SKinley is napping (still! going on over 2 hours) and Richie is absorbed in Nascar aka: napping. My parents left this morning which left us our whole day to catch up. I was so very behind on my Shakespeare class and with only three units left before the final, I HAD to get caught up. And so I did. Good thing we all have boots cause it was getting deep in here! I have never typed so much BS as I did today for that class. I had no clue what I was talking about, but I so made it seem like I did. So we'll see how these grades turn out. I got an A on my midterm and was spewing BS then too....so I think I'm pretty good at it. Not that it's something to be proud of, right?
I got Kinley's invites printed and addressed. We just need to get stamps and send them on their way. There's no turning back now.

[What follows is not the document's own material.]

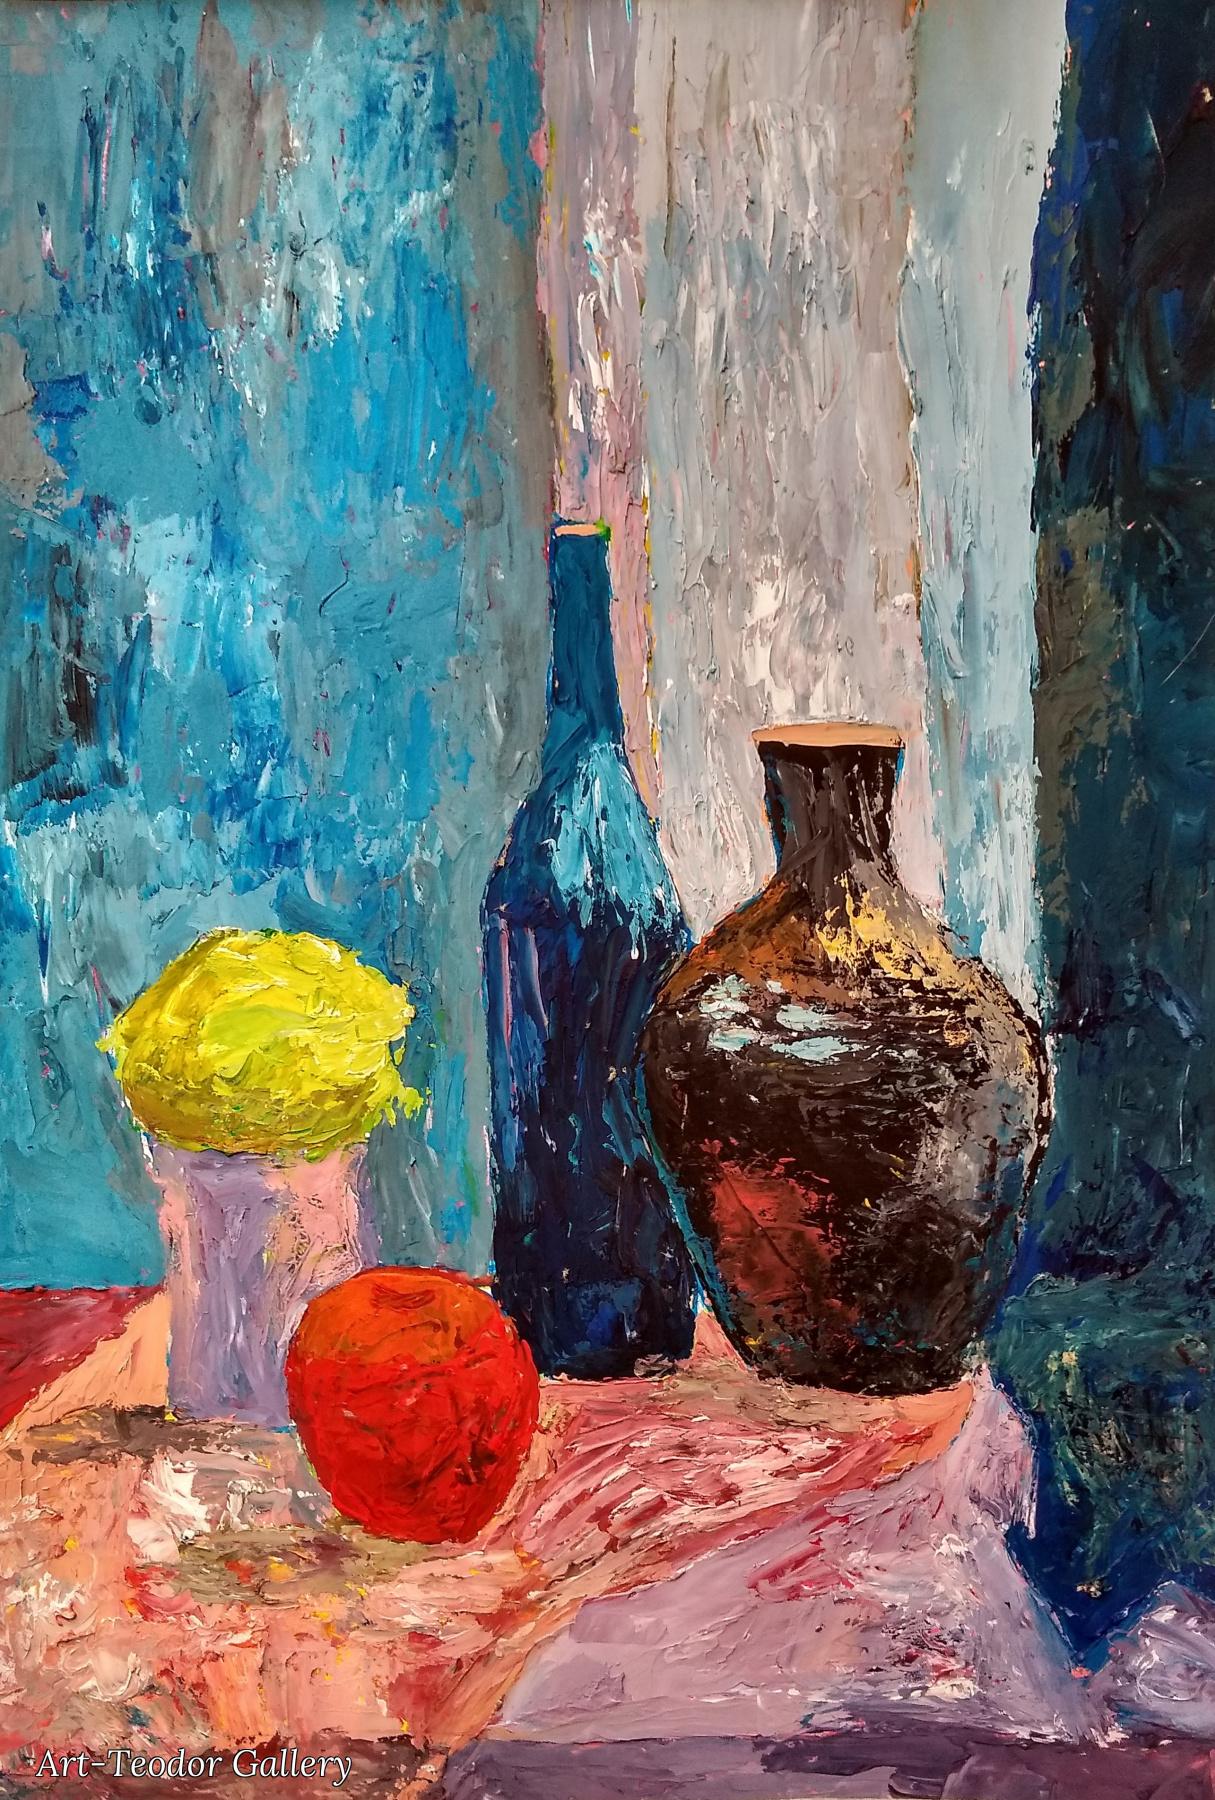 Art-Teodor Gallery. Сонет

We "celebrated" by birthday yesterday. A week early. We had to take Richie's truck to get new tires so we dropped it off and then decided to grab a close lunch rather than venture to this nicer place that I wanted to go. Time was just not on our side and we didn't want to risk being late to the theater. So off to Texas Roadhouse we went. We do love eating there, but it so lacked that special-ness that I craved. Oh well. We each had a beer and felt so rebelious for doing so before noon. Half of the beer in and we were both feeling the slightest buzz. Lightweight.
Can you tell we don't "hang" very often? We quickly realized that we've become "that" couple. The couple that would rather be with the baby at home than out living it up. And on the rare occasion that we are out, living it up, we do nothing but gush about the baby. Yeah. That's us. And we're so proud of it.
On the way to the train station today (to take my parents back) I requested that we change the radio to the 24/7 Christmas channel. Yes, they are already doing it. My husband then declares that "Christmas music puts him in a really bad mood." And there it starts. I kid you not, he ranted about Christmas for about 25 mintues. Solid. I was so badly wanting to kick the back of his seat and scream to shut up....but my parents were in the car. I agree with some of his views, SOME, but not all. This year (and every year here on out) is different. Christmas isn't what it was but what it will be. We have Kinley in our lives and because of her, it's going to be so much more than it ever was in the past. He doesn't agree. He feels that Christmas is all about expectations and disappointments.
Children have become so full of expectations and then filled with let down. They expect to receive all of these insanely expensive gifts and then after the frenzie of opening everything as fast as they possibly can, they look at you and say "is that all?!" It chaps me, and it chaps him. Understandably so.
Why have so many children (and adults) forgotten about what Christmas is about? And I'm not getting all religious on you....who am I to preach religion? but what I'm saying is that Christmas is NOT about getting your kids as many presents as can fit in your car on five trips to the mall. Christmas is NOT about maxing credit cards so that you prove your love with the best gift to your spouse. To me, Christmas is about giving, sharing and loving. I just don't understand the idea of shop till you drop and knocking yourself out by getting up at 2 a.m. on Black Friday to get a $20 discount on something. Really, it's not worth it. To me.
The whole rant that Richie started on got us all talking about it and Richie and I kind of came to an agreement that Kinley won't be raised with the expectation of 90% of kids out there that think that Christmas is all about "what did you get me?" She will be raised to know that giving is more important than receiving. How many children out there don't get a Christmas at all? How many children out there wish for a wam coat or socks or warm pajamas? I just couldn't sleep at night knowing that I didn't do *something* to help, yet I got up at 2 a.m. to get my child the newest video game.
My mom chimed in that there are students at the Illinois Blind School and the Illinois Deaf School that have wish lists for Christmas as well and most get next to nothing for Christmas. Just breaks my heart.
Santa can't carry that many presents on his sleigh....he can't carry enough for each child to get 10-12 presents. He can only carry enough for each child to get 2-3....so wish wisely. And then we'll teach her that going out to shop for a child less fortunate is so much more fulfilling.
Easy to say....my baby is not yet a year. But it's our plan. Our goal. To raise a respectful daughter. A daughter that appreciates what she is given and won't turn around and say "is that all?"